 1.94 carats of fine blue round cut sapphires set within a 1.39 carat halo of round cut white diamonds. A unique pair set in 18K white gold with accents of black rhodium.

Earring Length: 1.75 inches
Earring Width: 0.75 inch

* * *

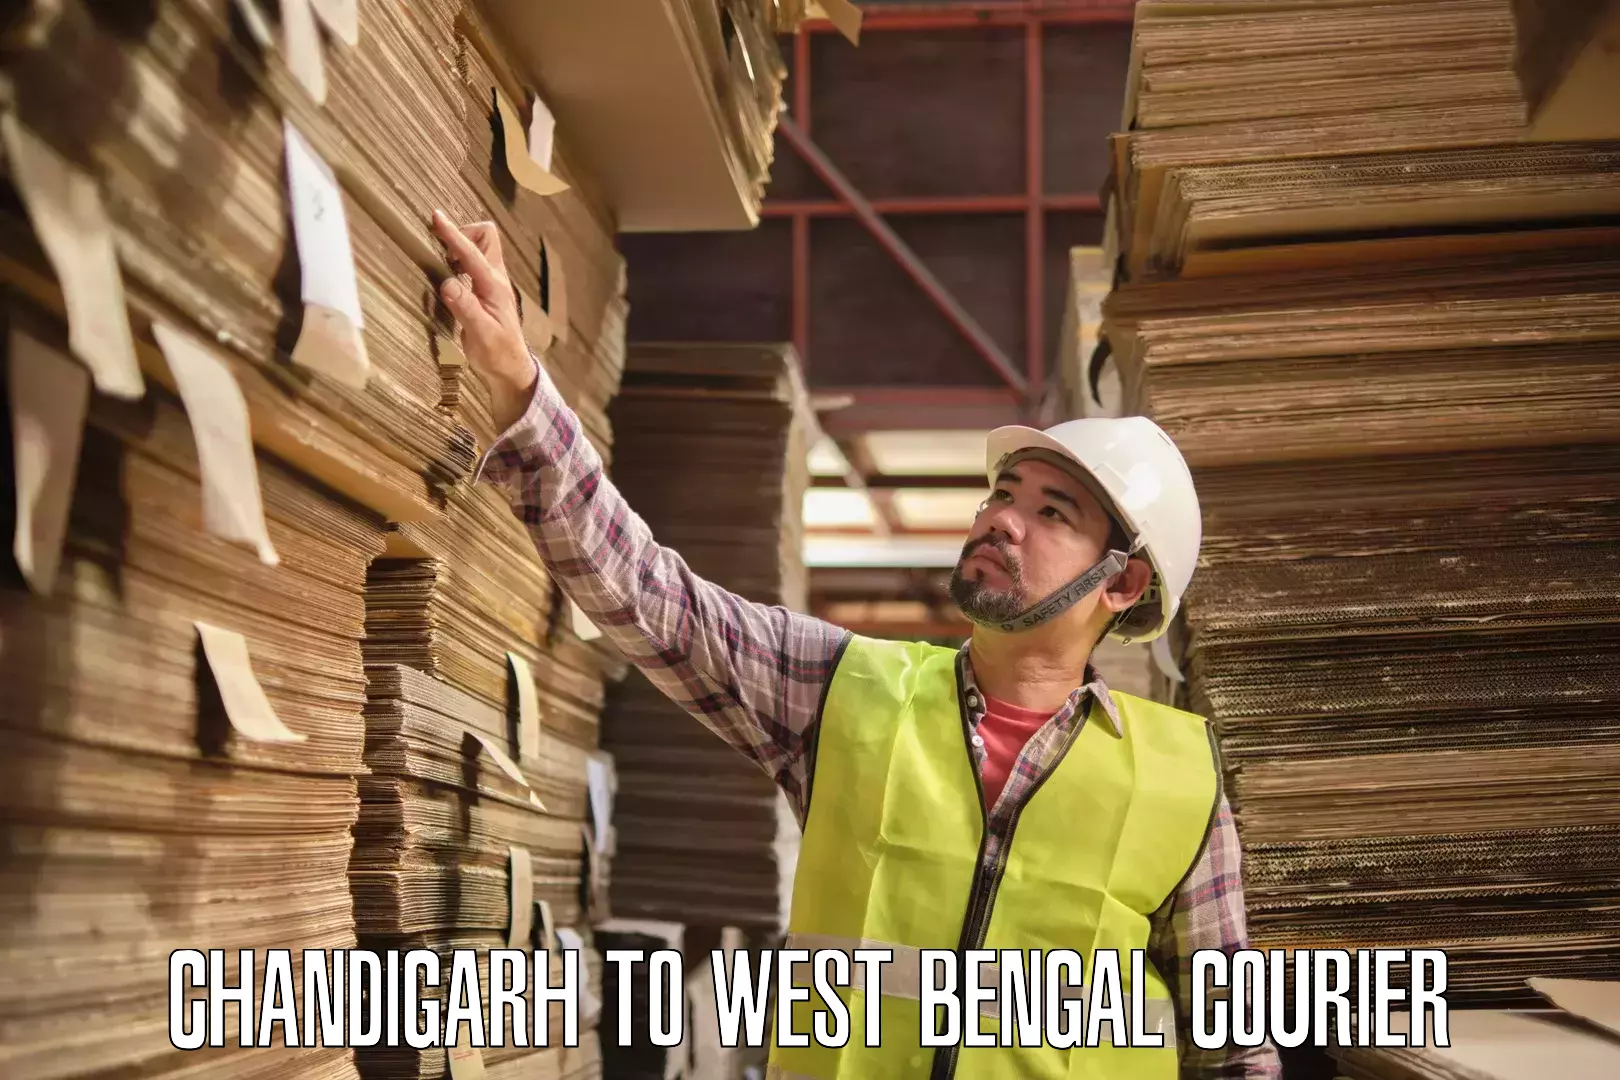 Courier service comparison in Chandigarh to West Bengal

--

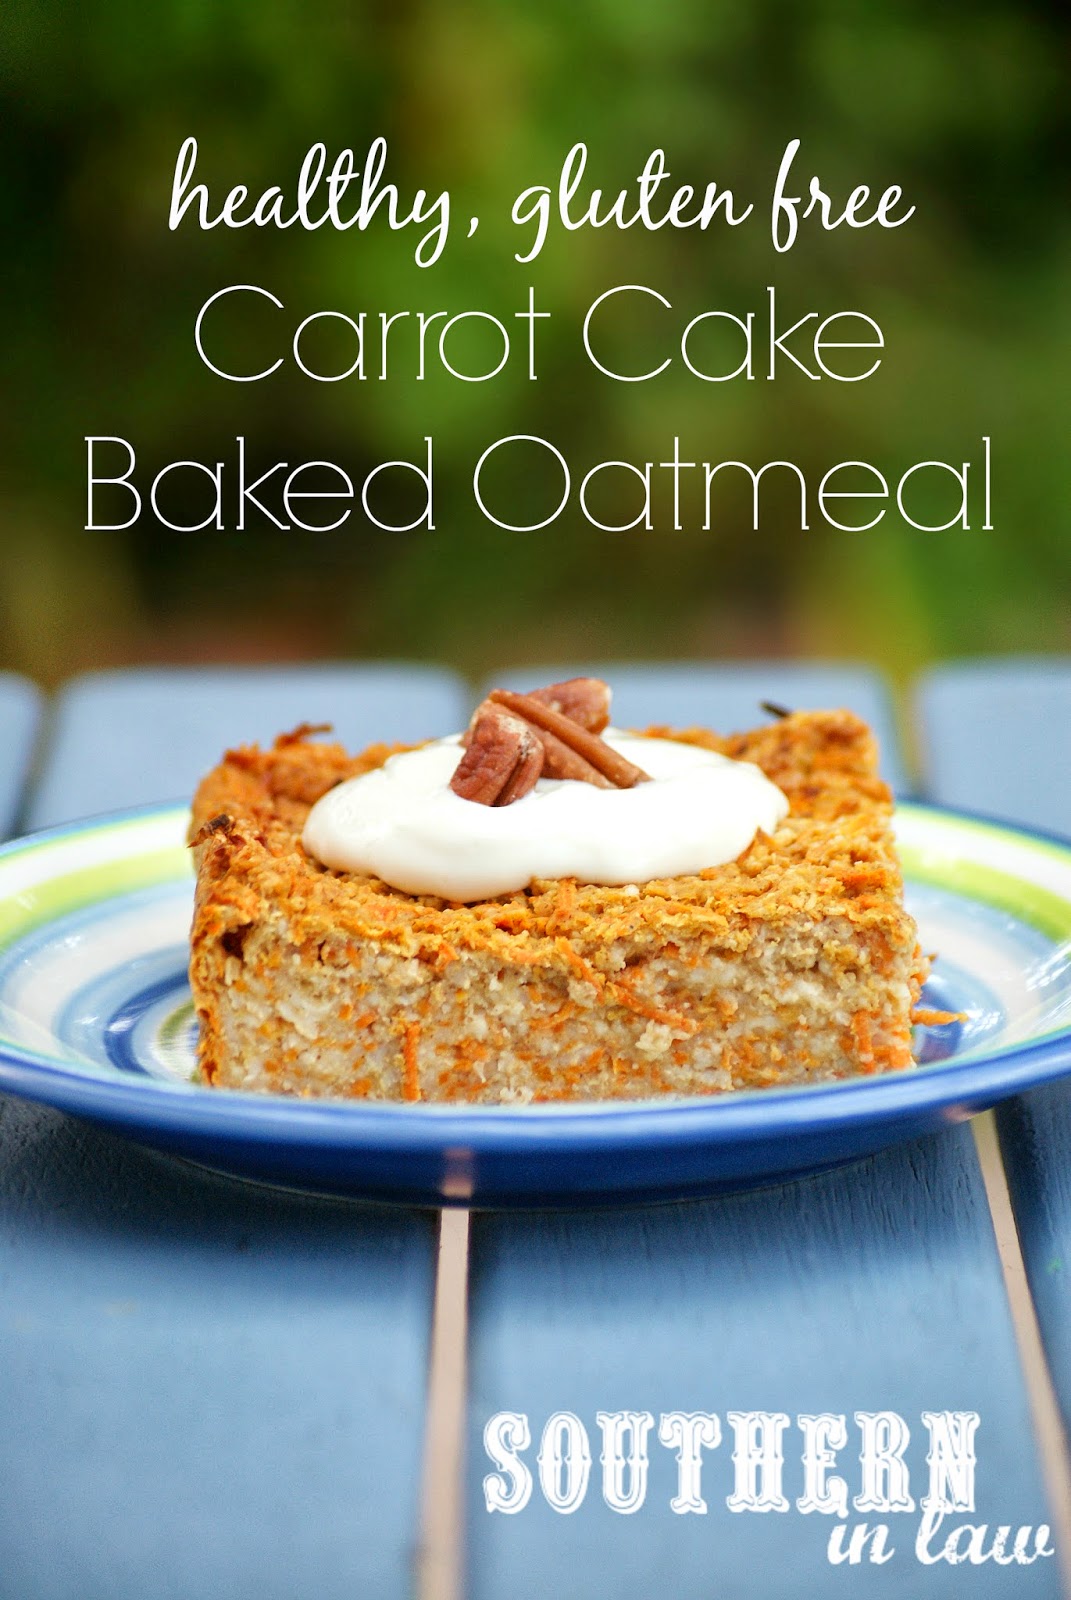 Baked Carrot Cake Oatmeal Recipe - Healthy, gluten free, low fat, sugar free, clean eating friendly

What is required: Every line containing the word "Earring" must be copied from the material above.

Response:
Earring Length: 1.75 inches
Earring Width: 0.75 inch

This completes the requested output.